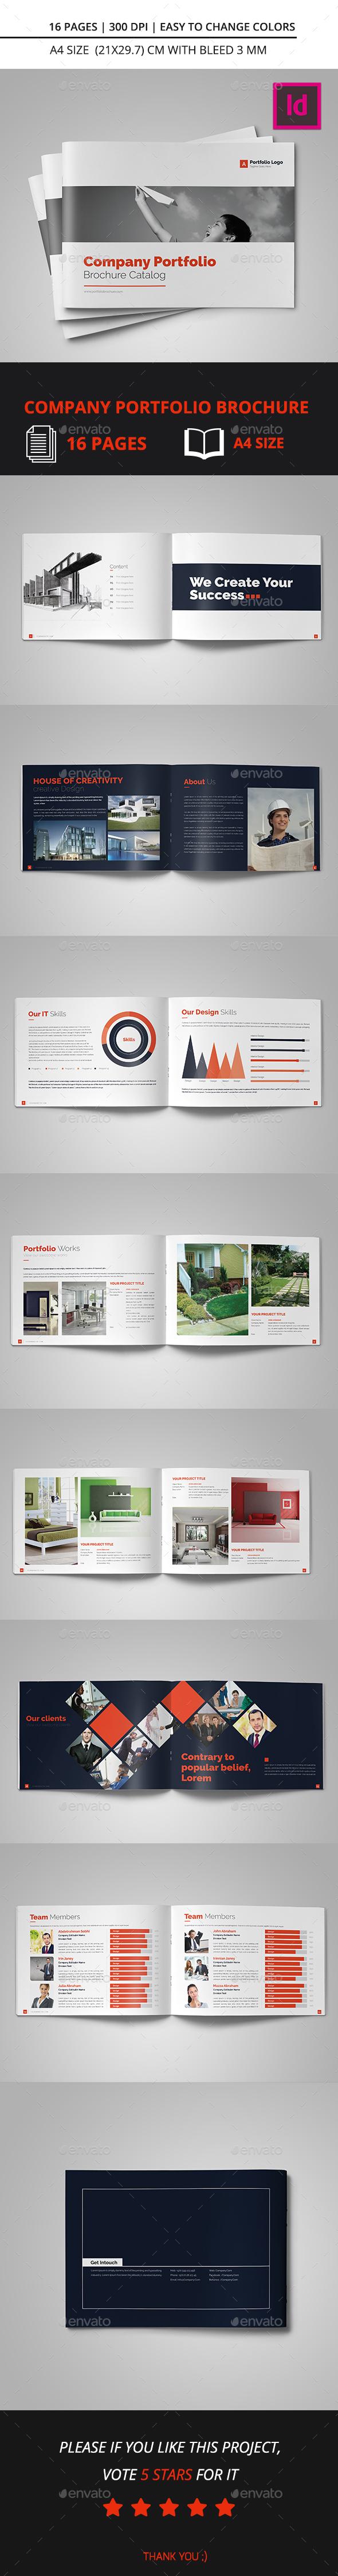 Company Portfolio Brochure Catalog 2016 - Catalogs Brochures
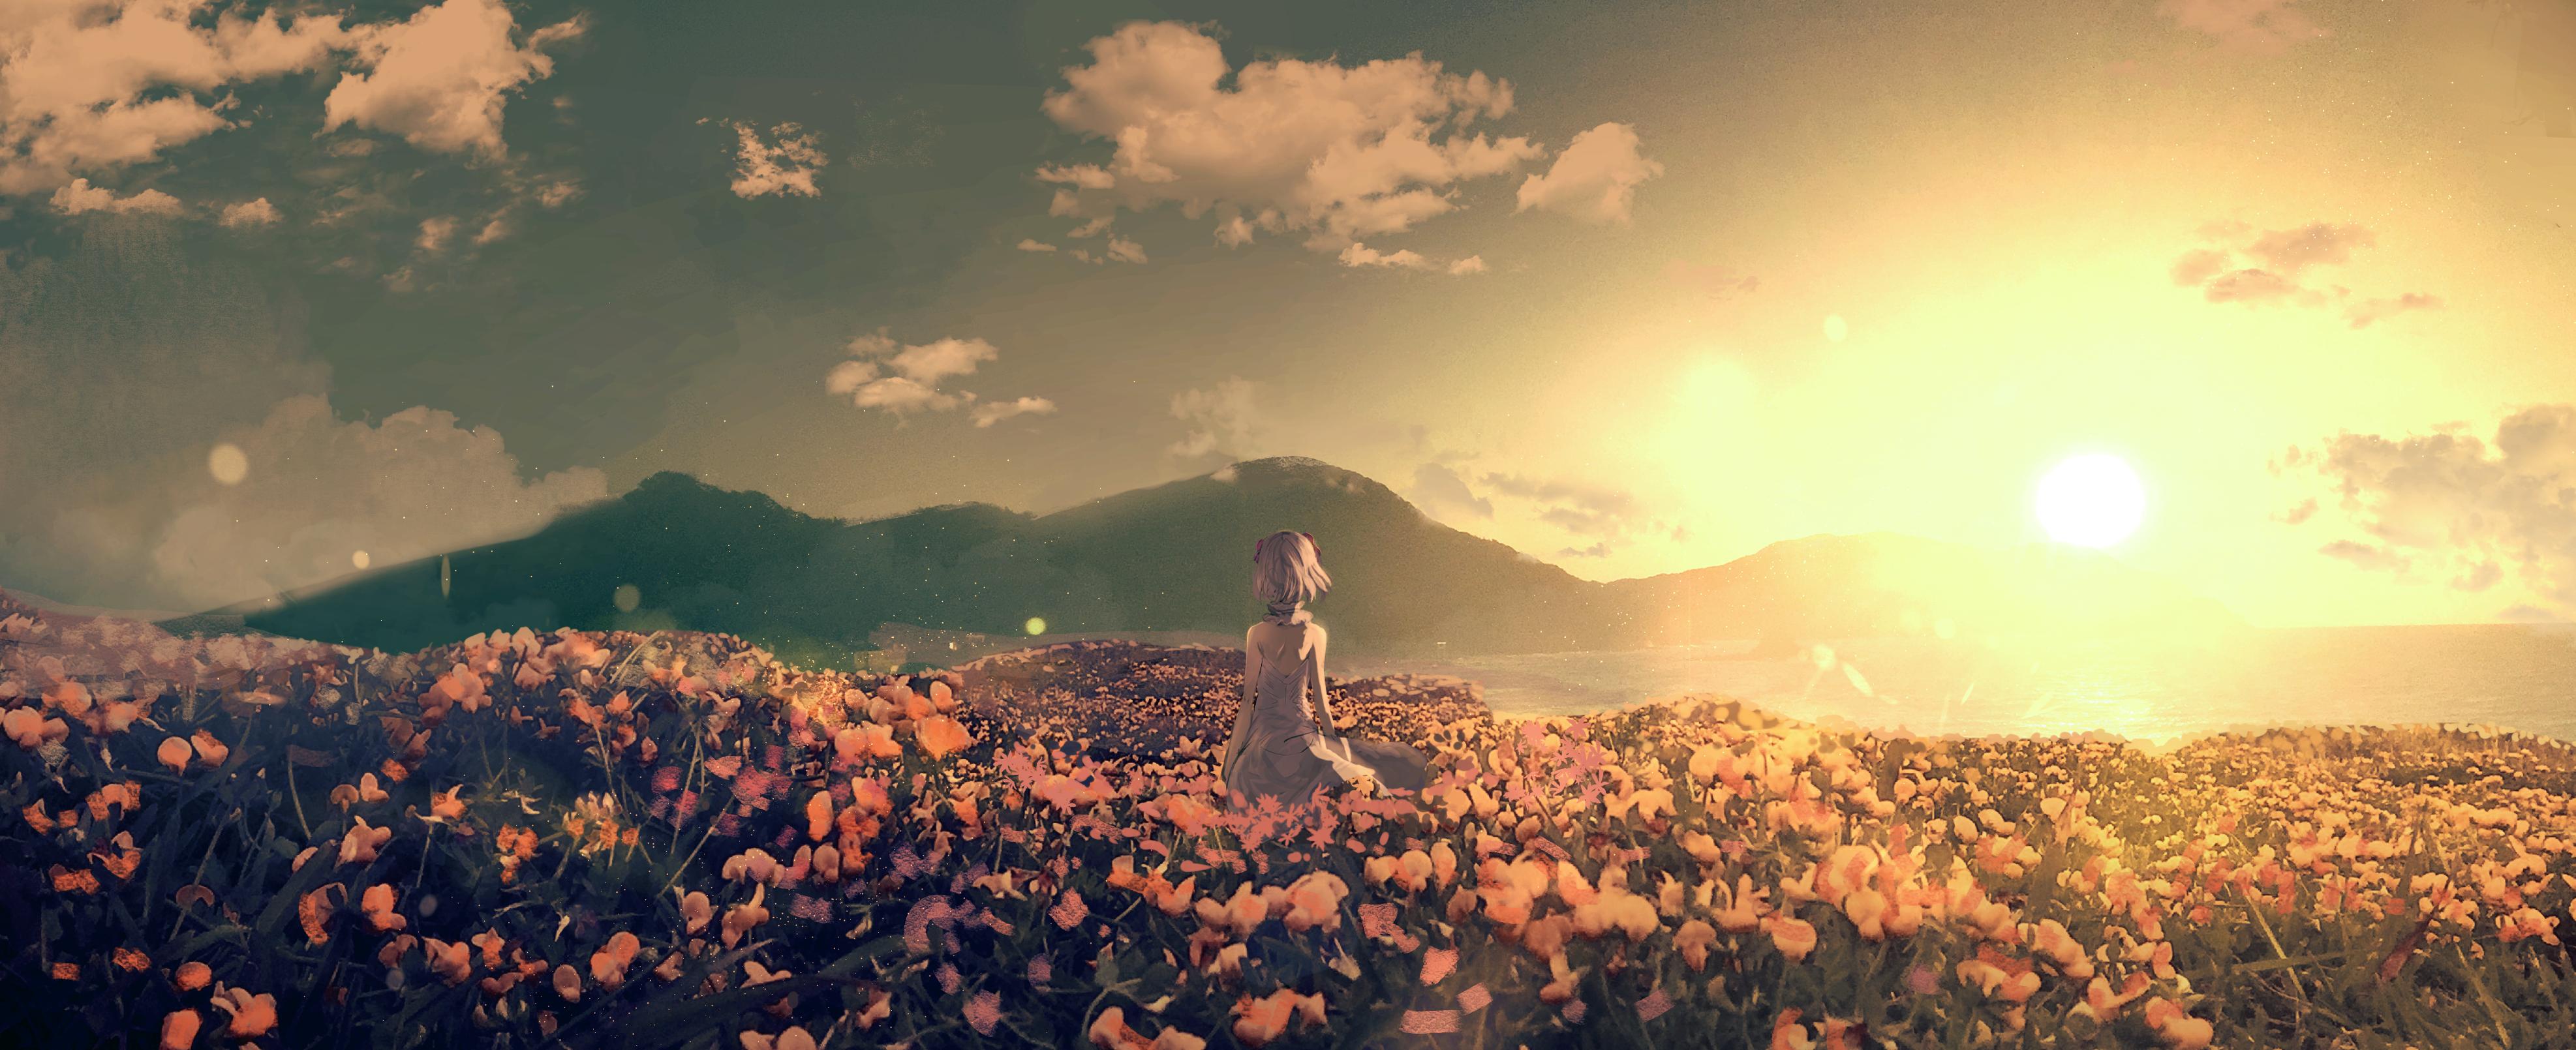 Anime 3948x1610 anime mountains landscape sky clouds sunset
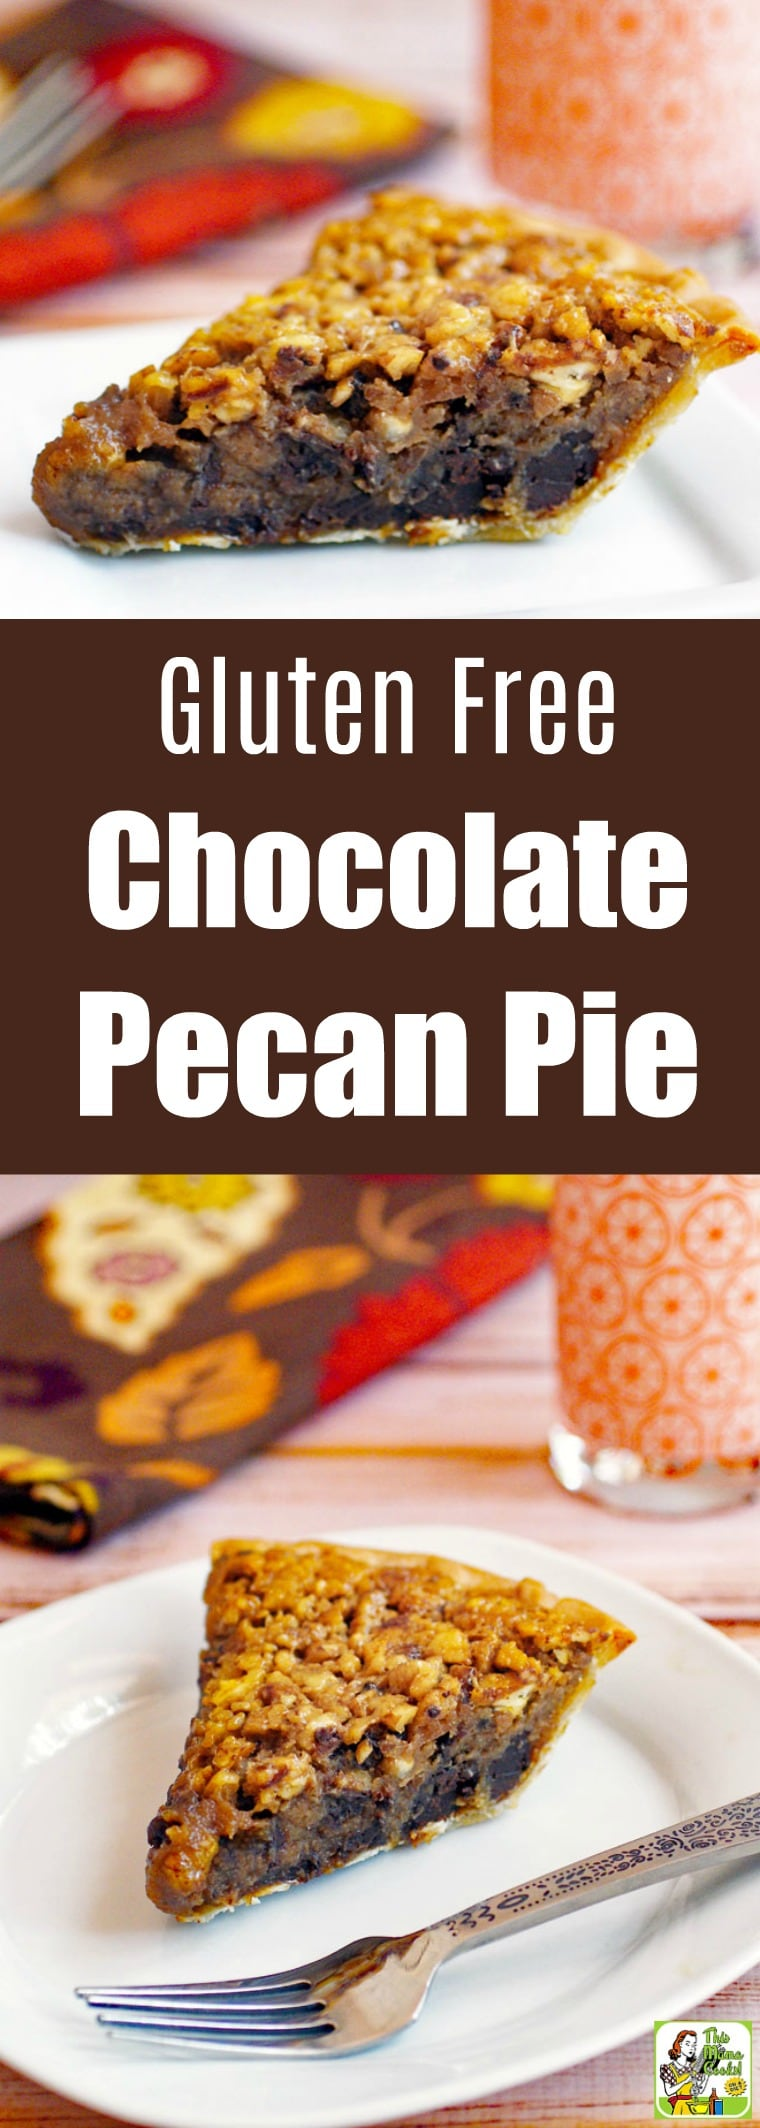 Gluten Free Chocolate Pecan Pie Recipe
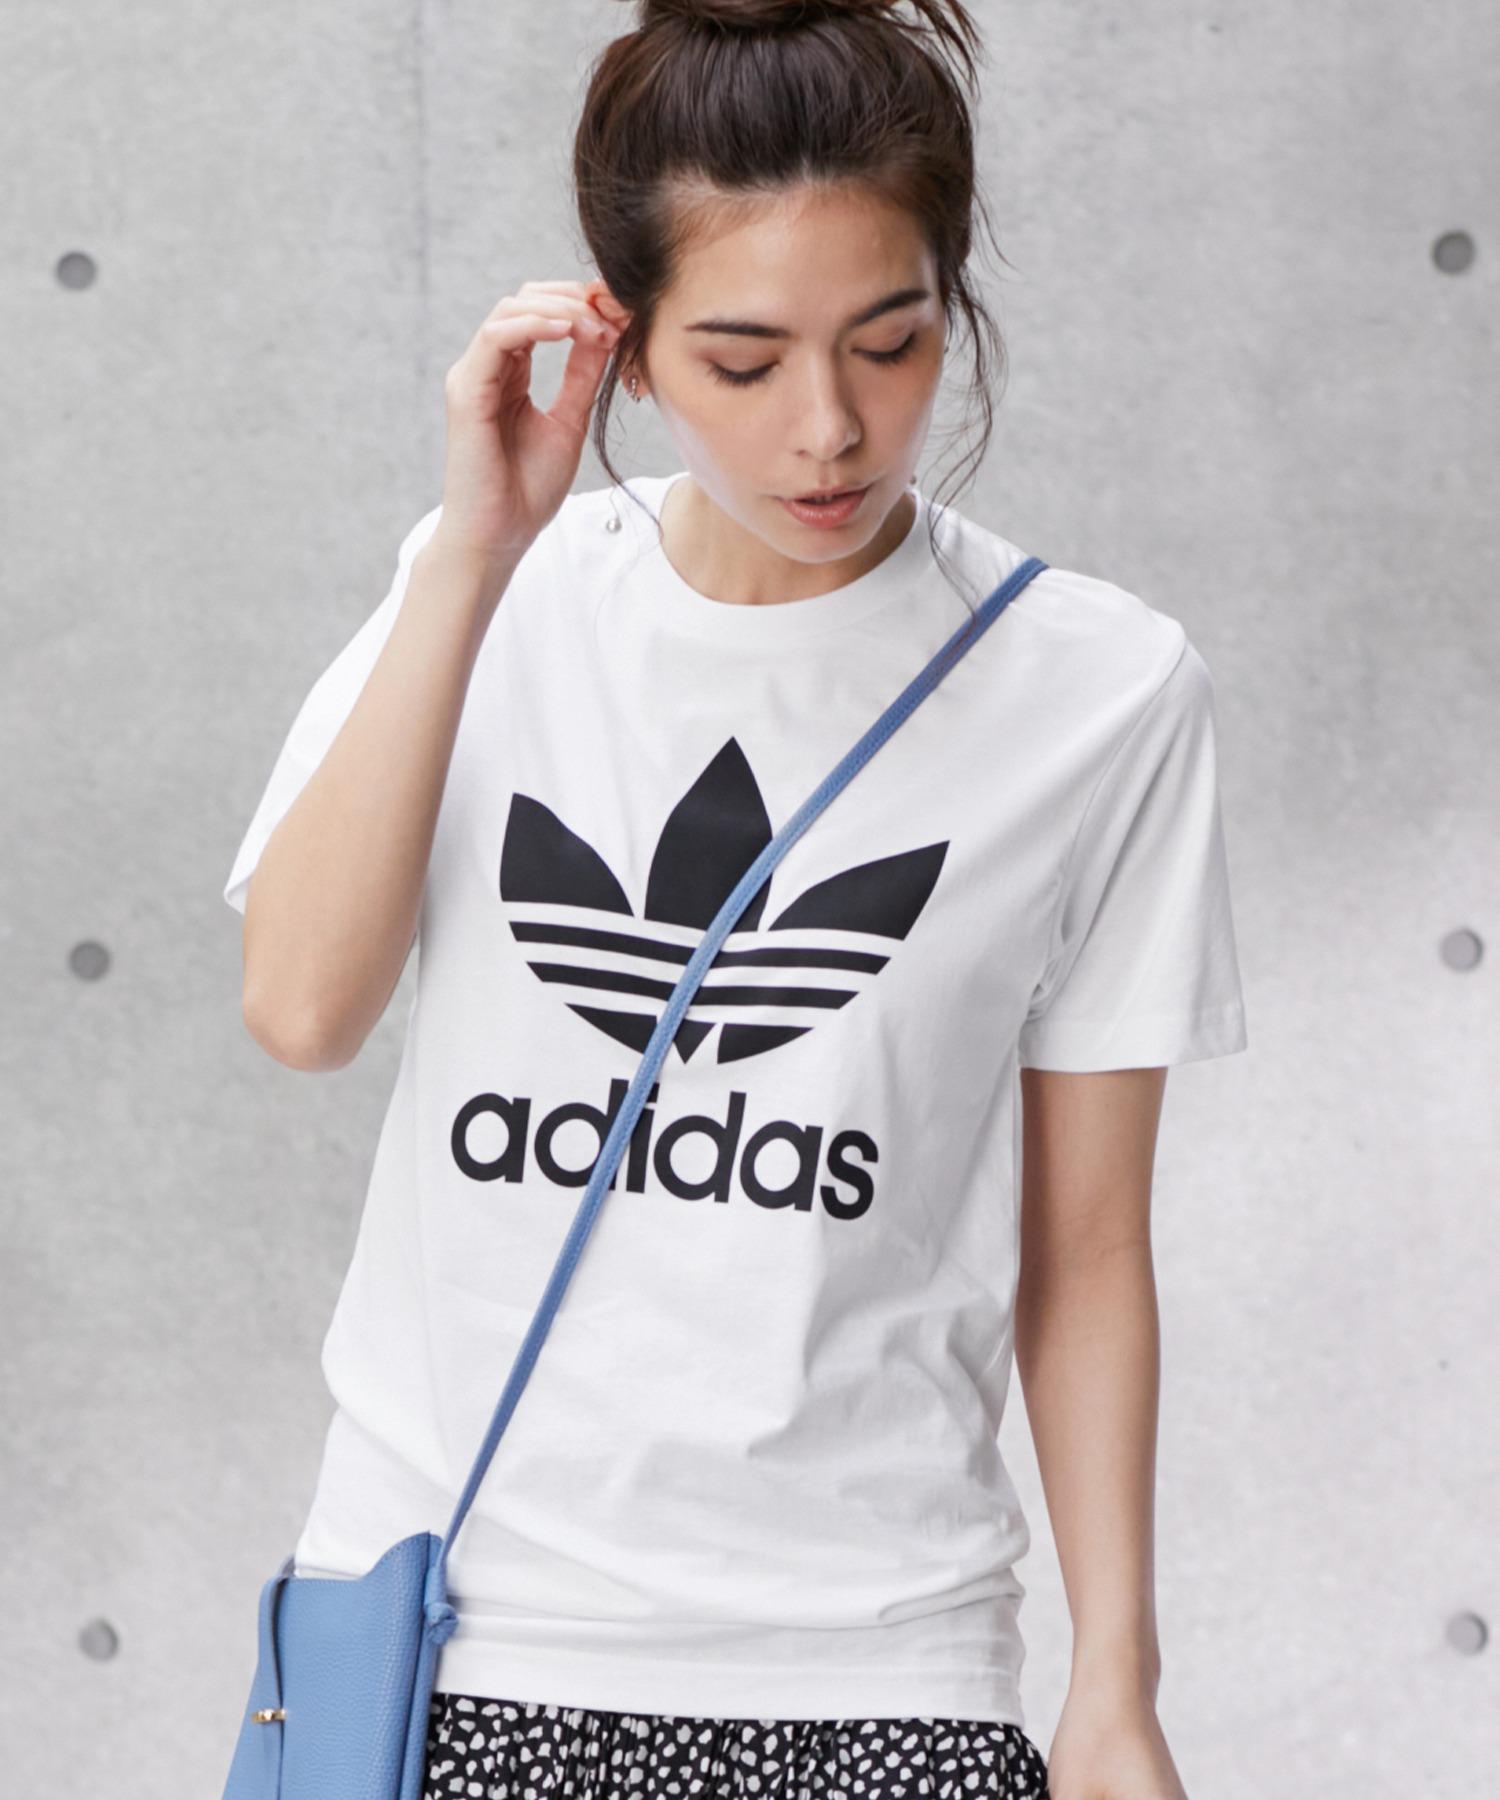 adidas/アディダス トレフォイルロゴプリント オーバーサイズ コットン 半袖 Tシャツ

★ ★ ★ ★ ★ ★ ★

> _TASK DETAILS_
Exactly the lines from the one with "Anime 3948x1610 anime" to the last line of the listing are wanted, both ends included and pictures excluded.

> _WRITTEN SOLUTION_
 Anime 3948x1610 anime mountains landscape sky clouds sunset
 Gluten Free Chocolate Pecan Pie Recipe
 adidas/アディダス トレフォイルロゴプリント オーバーサイズ コットン 半袖 Tシャツ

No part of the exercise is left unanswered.